The Situation in Utah: So automatic is the standing ovation in Utah that actors and actresses around the world now refer to the Utah Spontaneous Erection. Broadway impresario Adolph Hauserfeld tells neophyte performers, “Tonight, we’ll get a Utah hard on, so don’t knock yourself out.” Performers mounting the boards in Utah barely exert themselves, knowing that Utah audiences will leap to their feet and clap like lunatics, no matter what.

It has not always been the case. Pioneer diaries and other primary sources indicate that Utah audiences in the mid- to late- 19th century were far more discriminating in their response to theatrical performances.
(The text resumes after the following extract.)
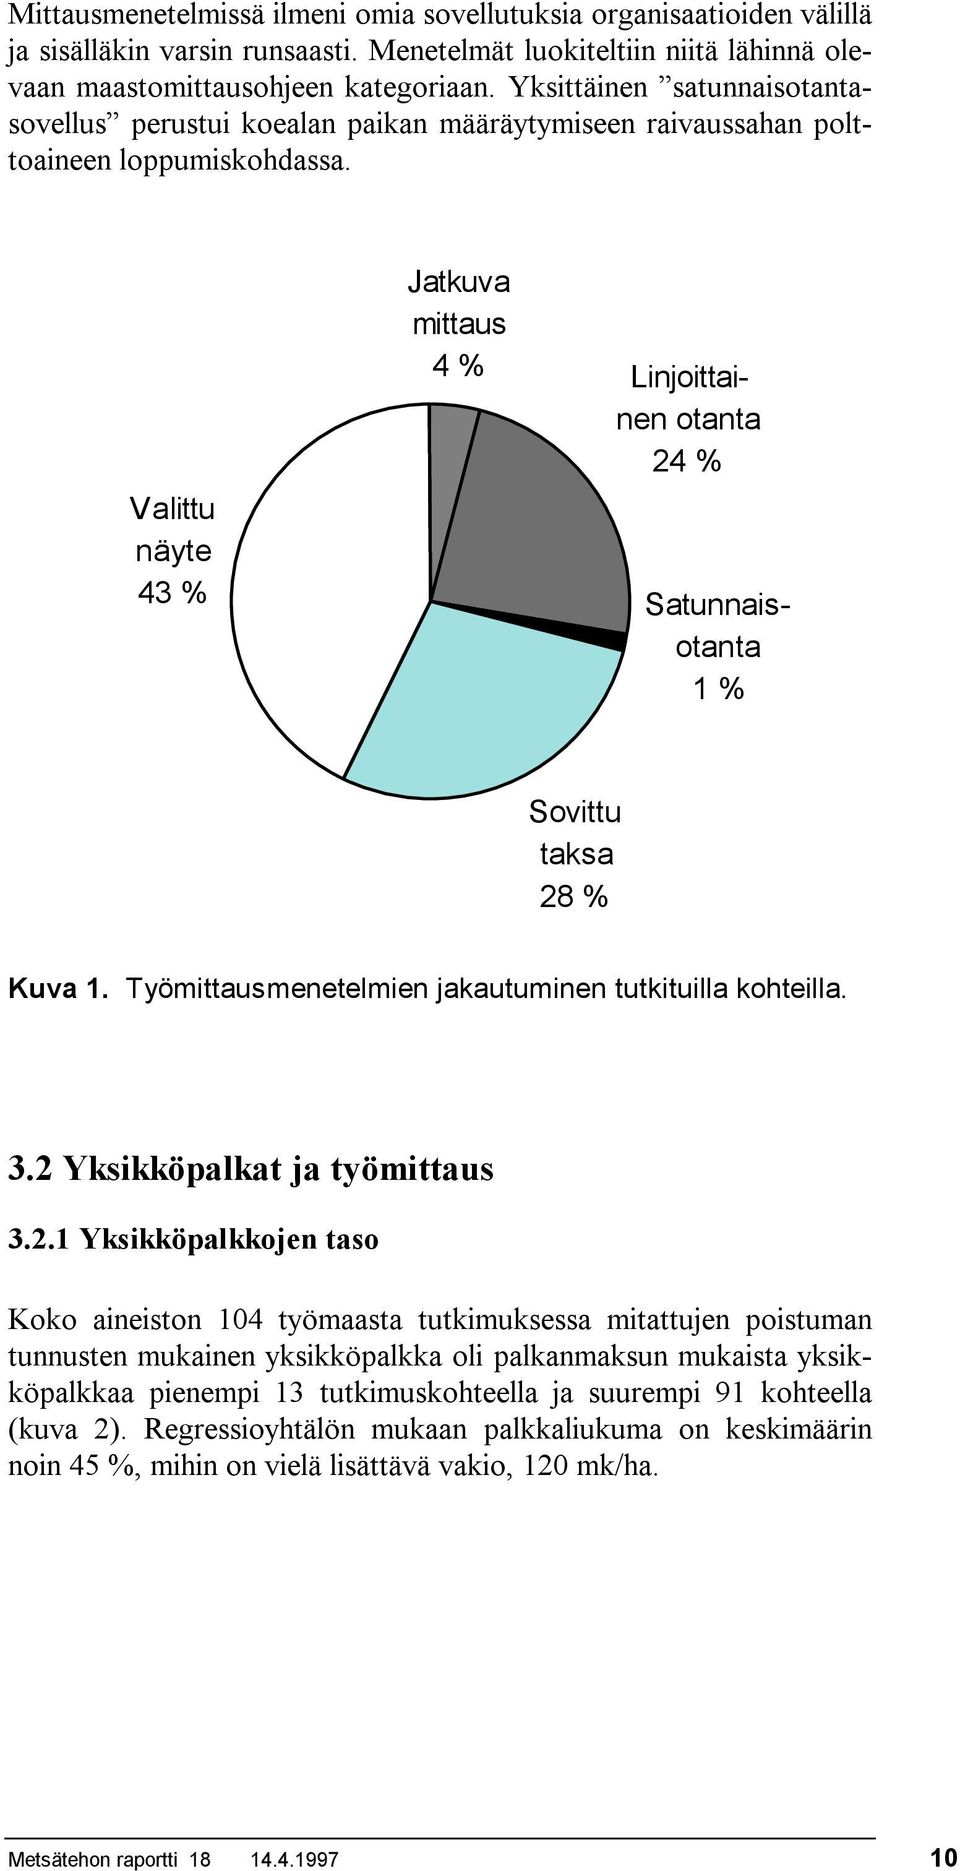 Valittu näyte 43 % Jatkuva mittaus 4 % Linjoittainen otanta 24 % Satunnaisotanta 1 % Sovittu taksa 28 % Kuva 1. Työmittausmenetelmien jakautuminen tutkituilla kohteilla. 3.

Thespians who forgot their lines or who failed to arouse pity or terror in the hearts of theatergoers were invited to take a ride into the desert with Orrin Porter Rockwell. They never came back.

Origins of the Standing Ovation in Utah: Over the decades, scientists have posited a variety of explanations for the Utah standing ovation. Some say the practice is just one more example of the pervasive Utah inferiority complex, which drives audiences to prove their sophistication, and in the process actually prove the opposite. Of course, the standing ovation may just be an example of Utah’s “Let’s all just be nice” factor.

There are some adherents to the hypothesis that Utahns, who are notorious late arrivers to the theater, are also early departers, and standing ovations provide a pretext for bolting for the exits.

Recommendations: Lost in the mists of time is the exact moment when Utah audiences became afflicted with the spontaneous standing-ovation syndrome. Around the turn of the century, there were isolated reports of attempts to stop, subvert or at least mitigate the syndrome. Lorenzo Pratt spent a night in the old Salt Lake City jail for expressing his displeasure with a standing ovation given to a three-man tap-dancing barbershop quartet. He was charged with lewdness for pulling down the trousers of the man in the row ahead of him, though Mr. Pratt claimed the act was entirely inadvertent.

We do not propose that ovations be eliminated—after all, audiences throughout human history have expressed approval in a variety of ways, whether by foot stomping, shouting, toga waving, running in place, doing the side straddle hop, tossing underwear or ululating. Any of these would be preferable to the automatic standing ovation, but it is uncertain whether Utah audiences would rush to adopt them. For the time being, we suggest that theater seats be fitted with seat belts and shoulder harnesses, or even restraining devices utilized in amusement-park rides.

In our next report, we will make a case for bringing back to the theater booing, hissing and hurling rotten tomatoes.